Class ShingleAnalyzerWrapper

  • All Implemented Interfaces:
    Closeable, AutoCloseable

    public final class ShingleAnalyzerWrapper
    extends org.apache.lucene.analysis.Analyzer
    A ShingleAnalyzerWrapper wraps a ShingleFilter around another Analyzer.

    A shingle is another name for a token based n-gram.

    • Constructor Detail

      • ShingleAnalyzerWrapper

        public ShingleAnalyzerWrapper​(org.apache.lucene.analysis.Analyzer defaultAnalyzer)
      • ShingleAnalyzerWrapper

        public ShingleAnalyzerWrapper​(org.apache.lucene.analysis.Analyzer defaultAnalyzer,
                                      int maxShingleSize)
      • ShingleAnalyzerWrapper

        public ShingleAnalyzerWrapper​(org.apache.lucene.analysis.Analyzer defaultAnalyzer,
                                      int minShingleSize,
                                      int maxShingleSize)
      • ShingleAnalyzerWrapper

        public ShingleAnalyzerWrapper​(org.apache.lucene.analysis.Analyzer defaultAnalyzer,
                                      int minShingleSize,
                                      int maxShingleSize,
                                      String tokenSeparator,
                                      boolean outputUnigrams,
                                      boolean outputUnigramsIfNoShingles)
        Creates a new ShingleAnalyzerWrapper
        Parameters:
        defaultAnalyzer - Analyzer whose TokenStream is to be filtered
        minShingleSize - Min shingle (token ngram) size
        maxShingleSize - Max shingle size
        tokenSeparator - Used to separate input stream tokens in output shingles
        outputUnigrams - Whether or not the filter shall pass the original tokens to the output stream
        outputUnigramsIfNoShingles - Overrides the behavior of outputUnigrams==false for those times when no shingles are available (because there are fewer than minShingleSize tokens in the input stream)? Note that if outputUnigrams==true, then unigrams are always output, regardless of whether any shingles are available.
      • ShingleAnalyzerWrapper

        public ShingleAnalyzerWrapper​(org.apache.lucene.util.Version matchVersion)
        Wraps StandardAnalyzer.
      • ShingleAnalyzerWrapper

        public ShingleAnalyzerWrapper​(org.apache.lucene.util.Version matchVersion,
                                      int minShingleSize,
                                      int maxShingleSize)
        Wraps StandardAnalyzer.
    • Method Detail

      • getMaxShingleSize

        public int getMaxShingleSize()
        The max shingle (token ngram) size
        Returns:
        The max shingle (token ngram) size
      • setMaxShingleSize

        @Deprecated
        public void setMaxShingleSize​(int maxShingleSize)
        Deprecated.
        Setting maxShingleSize after Analyzer instantiation prevents reuse. Confgure maxShingleSize during construction.
        Set the maximum size of output shingles (default: 2)
        Parameters:
        maxShingleSize - max shingle size
      • getMinShingleSize

        public int getMinShingleSize()
        The min shingle (token ngram) size
        Returns:
        The min shingle (token ngram) size
      • setMinShingleSize

        @Deprecated
        public void setMinShingleSize​(int minShingleSize)
        Deprecated.
        Setting minShingleSize after Analyzer instantiation prevents reuse. Confgure minShingleSize during construction.

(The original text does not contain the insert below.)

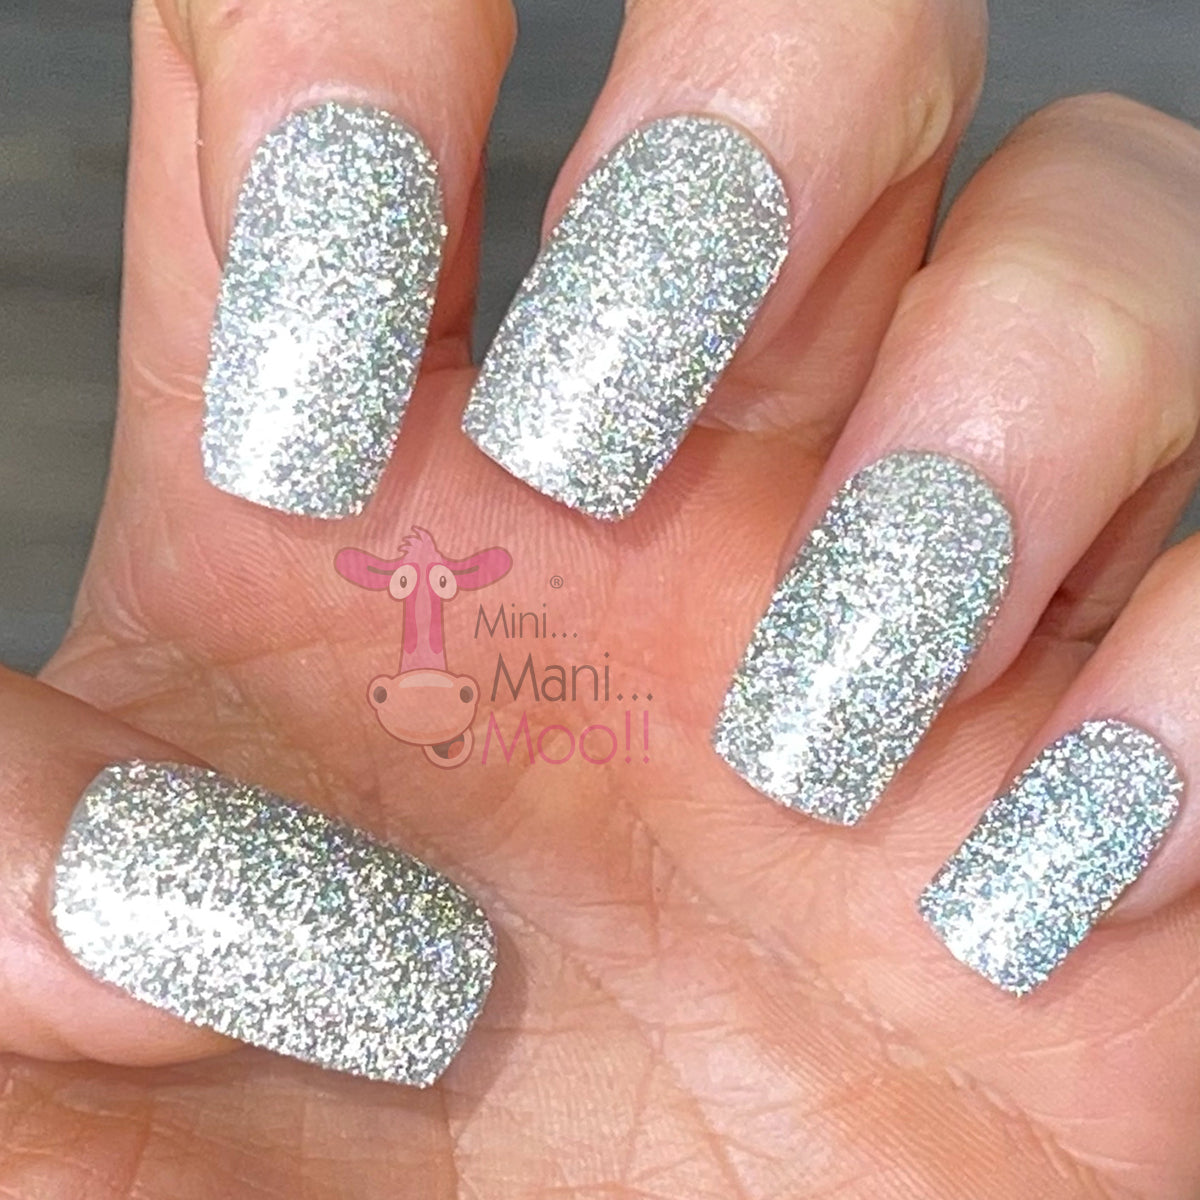 Moolala™ Diamond Luxury Gel Polish - D01 Silver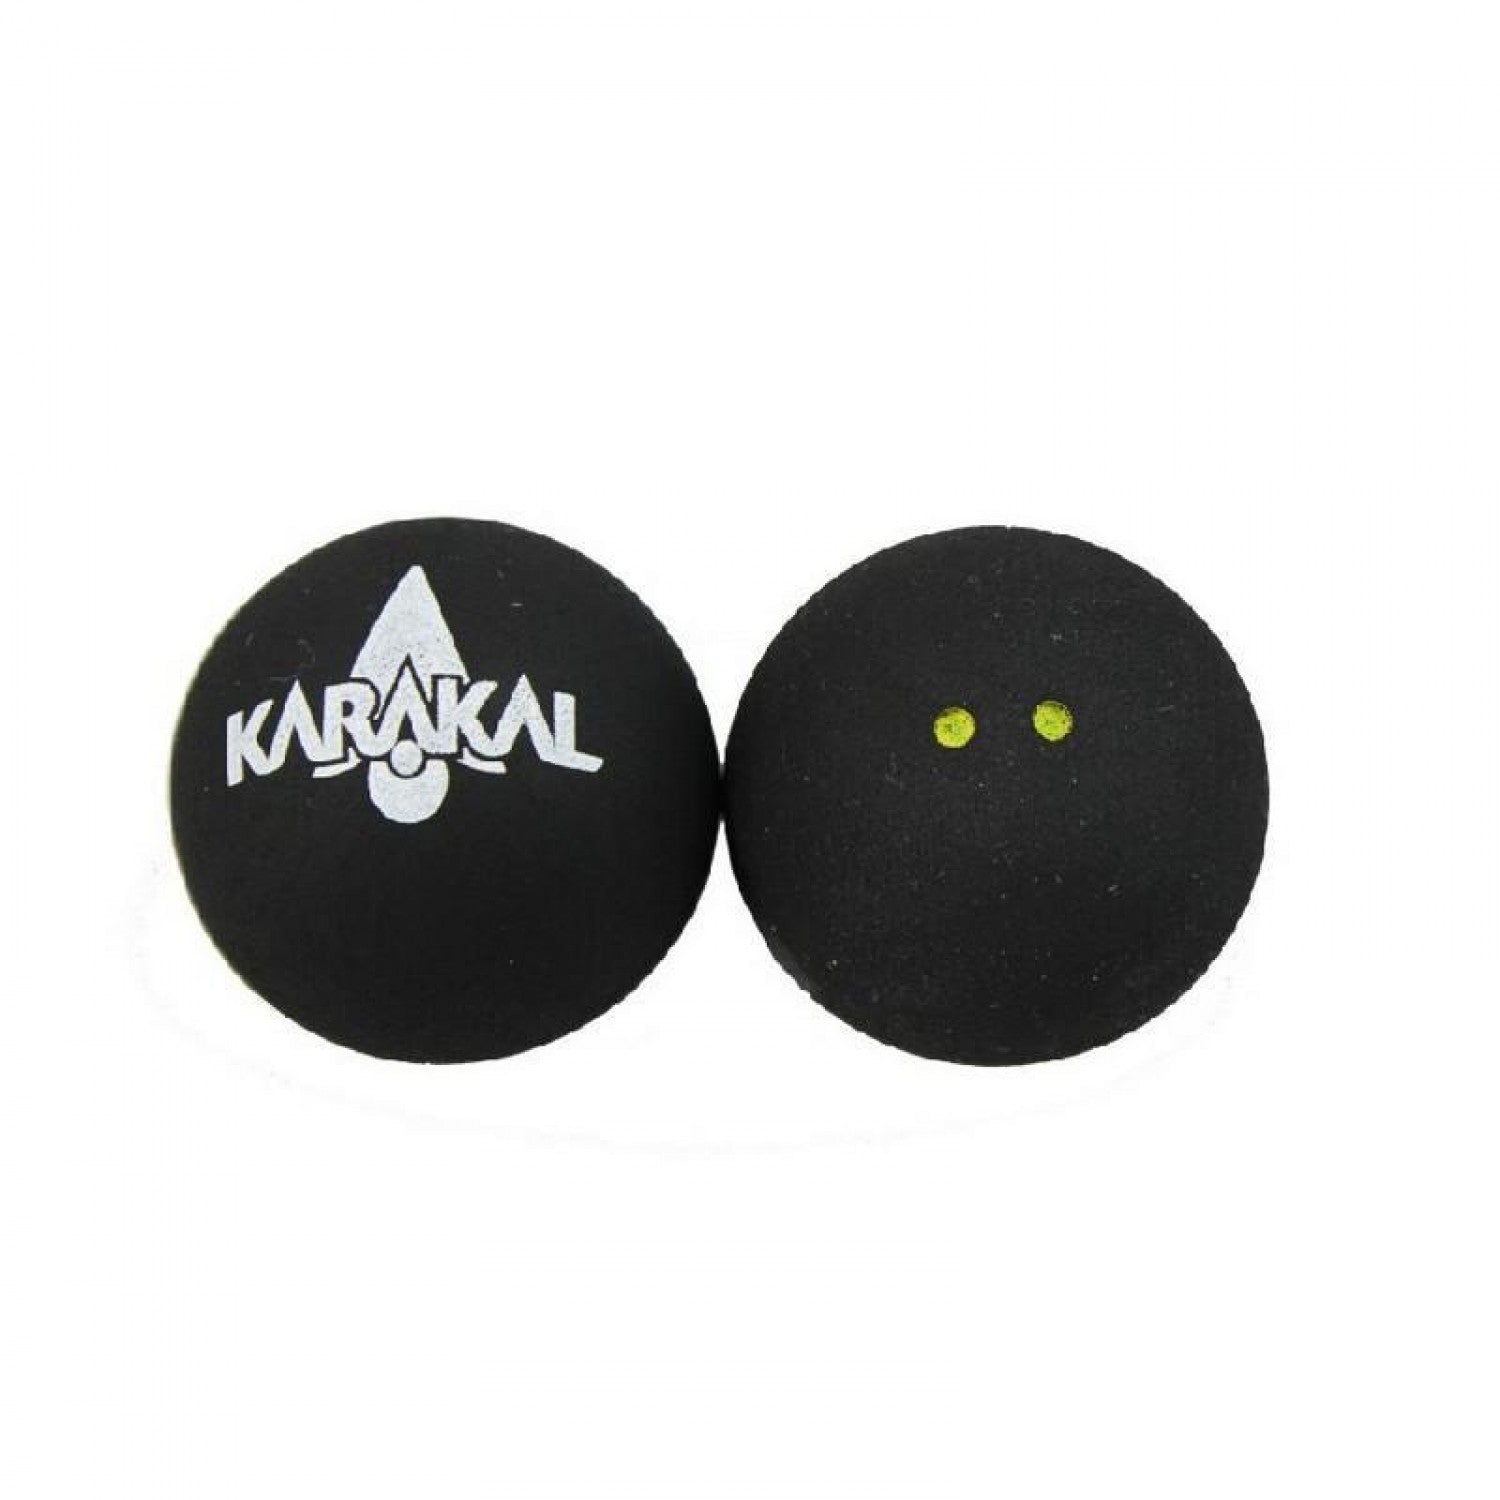 Karakal Double Yellow Dot Squash Balls (1 Ball) - atr-sports

        Set the min shingle size (default: 2).

        This method requires that the passed in minShingleSize is not greater than maxShingleSize, so make sure that maxShingleSize is set before calling this method.

        Parameters:
        minShingleSize - min size of output shingles
      • getTokenSeparator

        public String getTokenSeparator()
      • setTokenSeparator

        @Deprecated
        public void setTokenSeparator​(String tokenSeparator)
        Deprecated.
        Setting tokenSeparator after Analyzer instantiation prevents reuse. Confgure tokenSeparator during construction.
        Sets the string to use when joining adjacent tokens to form a shingle
        Parameters:
        tokenSeparator - used to separate input stream tokens in output shingles
      • isOutputUnigrams

        public boolean isOutputUnigrams()
      • setOutputUnigrams

        @Deprecated
        public void setOutputUnigrams​(boolean outputUnigrams)
        Deprecated.
        Setting outputUnigrams after Analyzer instantiation prevents reuse. Confgure outputUnigrams during construction.
        Shall the filter pass the original tokens (the "unigrams") to the output stream?
        Parameters:
        outputUnigrams - Whether or not the filter shall pass the original tokens to the output stream
      • isOutputUnigramsIfNoShingles

        public boolean isOutputUnigramsIfNoShingles()
      • setOutputUnigramsIfNoShingles

        @Deprecated
        public void setOutputUnigramsIfNoShingles​(boolean outputUnigramsIfNoShingles)
        Deprecated.
        Setting outputUnigramsIfNoShingles after Analyzer instantiation prevents reuse. Confgure outputUnigramsIfNoShingles during construction.

        Shall we override the behavior of outputUnigrams==false for those times when no shingles are available (because there are fewer than minShingleSize tokens in the input stream)? (default: false.)

        Note that if outputUnigrams==true, then unigrams are always output, regardless of whether any shingles are available.

        Parameters:
        outputUnigramsIfNoShingles - Whether or not to output a single unigram when no shingles are available.
      • tokenStream

        public org.apache.lucene.analysis.TokenStream tokenStream​(String fieldName,
                                                                  Reader reader)
        Specified by:
        tokenStream in class org.apache.lucene.analysis.Analyzer
      • reusableTokenStream

        public org.apache.lucene.analysis.TokenStream reusableTokenStream​(String fieldName,
                                                                          Reader reader)
                                                                   throws IOException
        Overrides:
        reusableTokenStream in class org.apache.lucene.analysis.Analyzer
        Throws:
        IOException